Account takeover protection
Rupt offers a comprehensive account takeover protection solution. Rupt understands if the account is being accessed from a new device or geo-location, or if the account is being used in an unusual way. If so, Rupt will recommend that you challenge or block the login attempt.
This feature operates under the Zero Trust security model. This is why none of the information about the devices or accounts is seen by the client. The client only gets a hash array that can be used to complete the identification on the server side.

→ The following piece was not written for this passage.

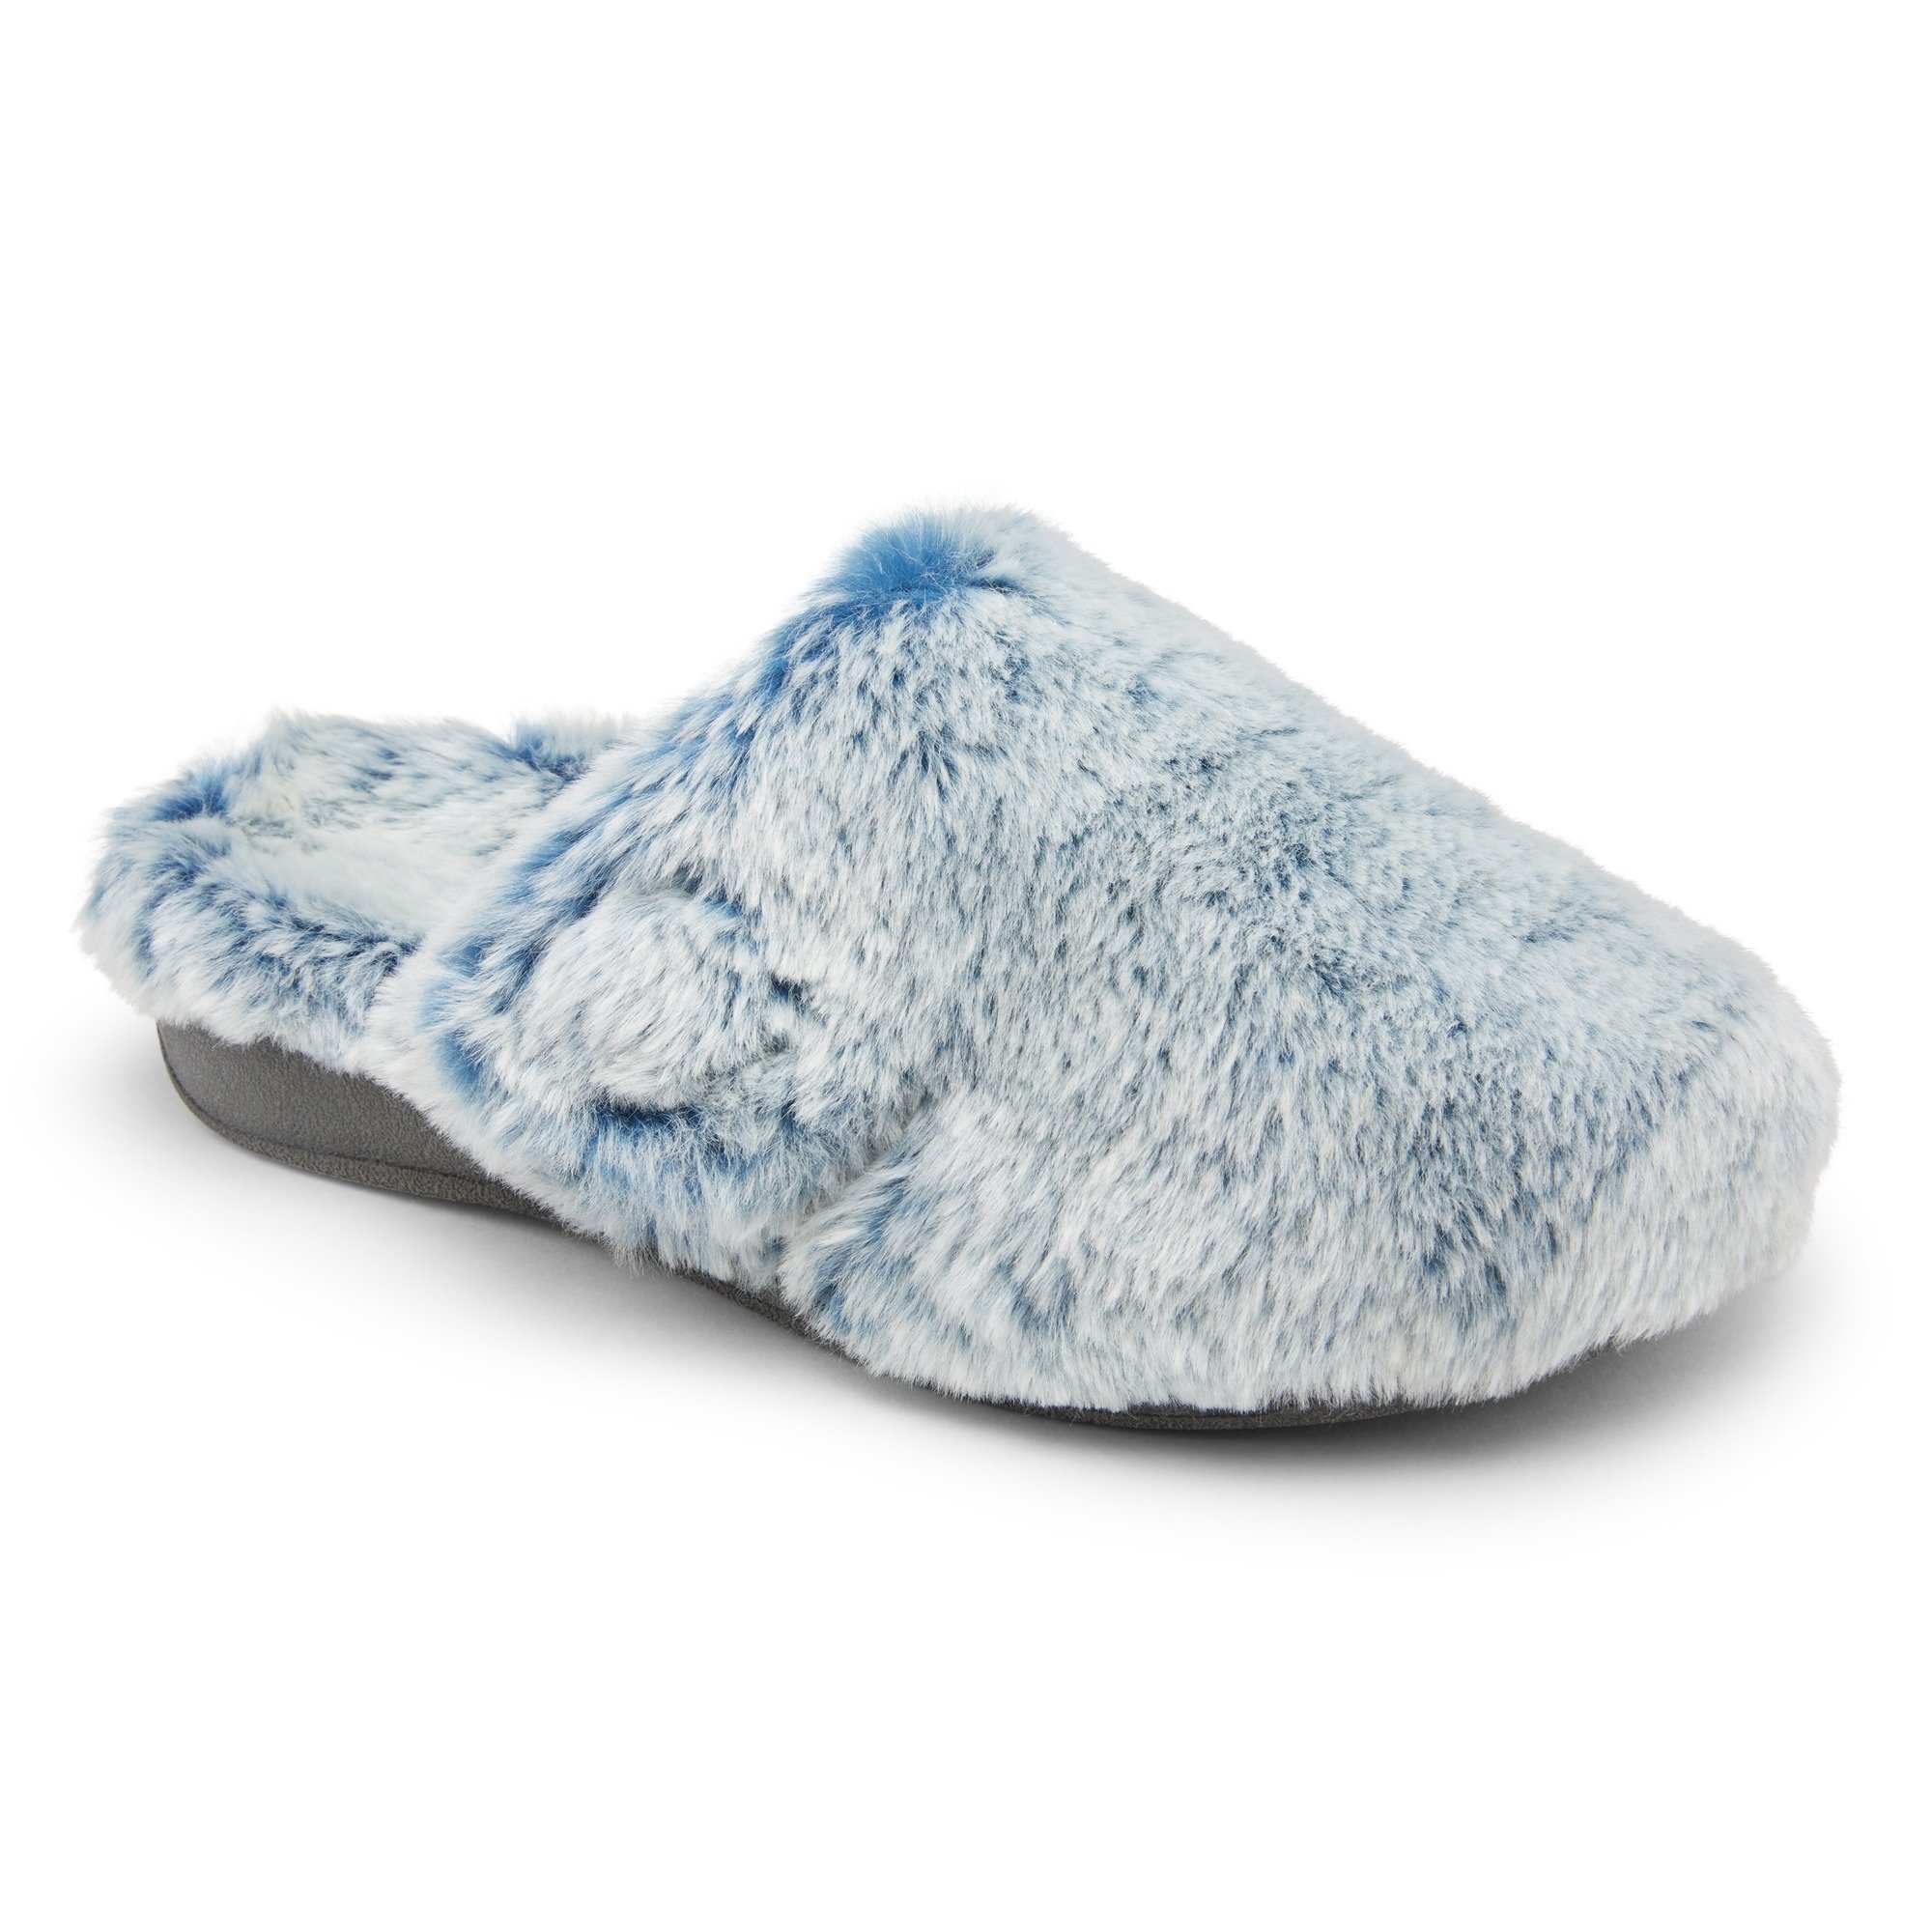 vionic gemma slippers canada
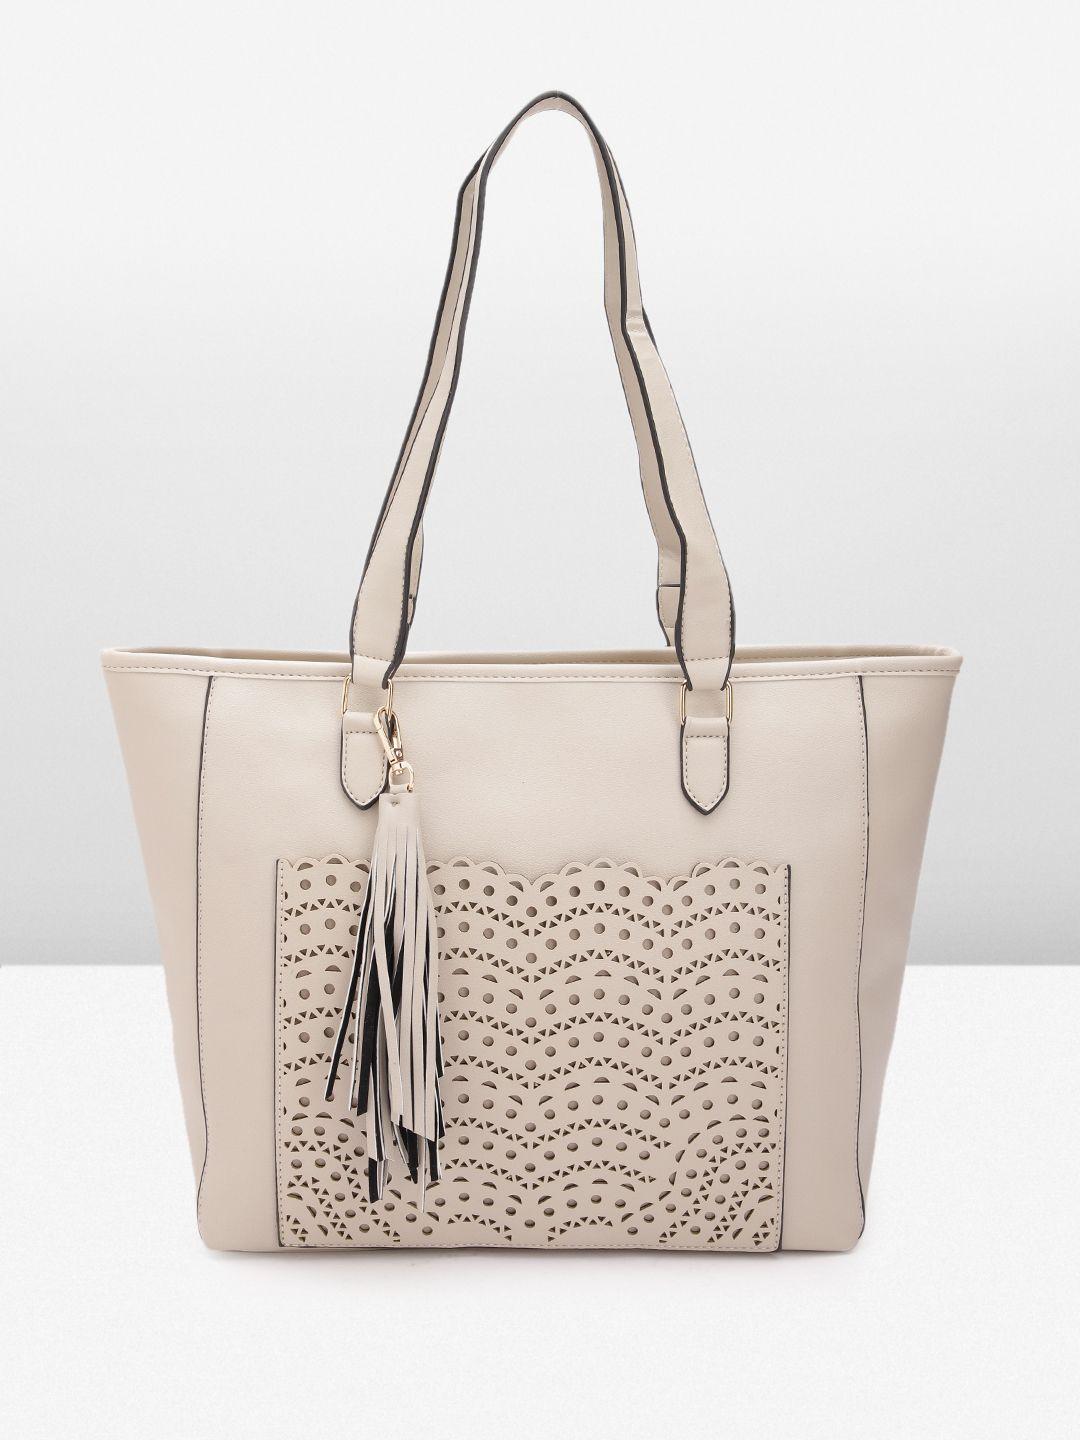 dorothy perkins structured shoulder bag with lasercut tasselled detail

How to use Rupt for account takeover protection
Browser side
- Install the Rupt Browser SDK:
yarn add rupt
#OR
npm install rupt
- Include the Rupt Browser SDK on the authentication page:
import Rupt from "rupt";
Or include the Rupt Browser SDK from a CDN:
<script src="https://cdn.rupt.com/browser/latest/rupt.js"></script>
- Call the
getHashmethod from the browser SDK:
const fingerprintHash = await Rupt.getHash();
This returns a fingerprint hash array which can be used to identify the browser. This hash should be sent to the server side in your authentication flow. For more information, see retrieve a device hash.
Server side
- Include the Rupt Node SDK:
yarn add @ruptjs/core
#OR
npm install @ruptjs/core
- Initialize the Rupt Node SDK with your project API secret:
import Rupt from "@ruptjs/core";
const rupt = new Rupt("API_SECRET");
3.1. Call the evaluate method from the Node SDK using the login action and the fingerprint hash and other user information in your authentication flow:
const res = await rupt.evaluate({
action: "login",
user: "USER_ID",
fingerprint: REQUEST_HASH,
ip: "IP_ADDRESS",
email: "EMAIL",
phone: "PHONE",
metadata: {
key: "value",
},
});
curl -X POST https://api.rupt.com/v2/devices/evaluate \
-H "Authorization: Bearer API_SECRET" \
-H "Content-Type: application/json" \
-d '{"action": "login", "user": "USER_ID", "fingerprint": "REQUEST_HASH", "ip": "IP_ADDRESS", "email": "EMAIL", "phone": "PHONE", "metadata": {"key": "value"}}'
4.2. Rupt returns a response that looks like this:
{
"verdict": "challenge",
"fingerprint_id": "xxxxxxxx-xxxx-xxxx-xxxx-xxxxxxxxxxxx",
"reasons": ["new_device", "new_ip"],
"challenge_id": "xxxxxxxx-xxxx-xxxx-xxxx-xxxxxxxxxxxx",
}
The verdict will be either challenge, allow, restrict, challenge_and_restrict, or deny. The challenge_id can be used to perform a two-factor authentication challenge using the send challenge code method. For more information, see send a challenge code.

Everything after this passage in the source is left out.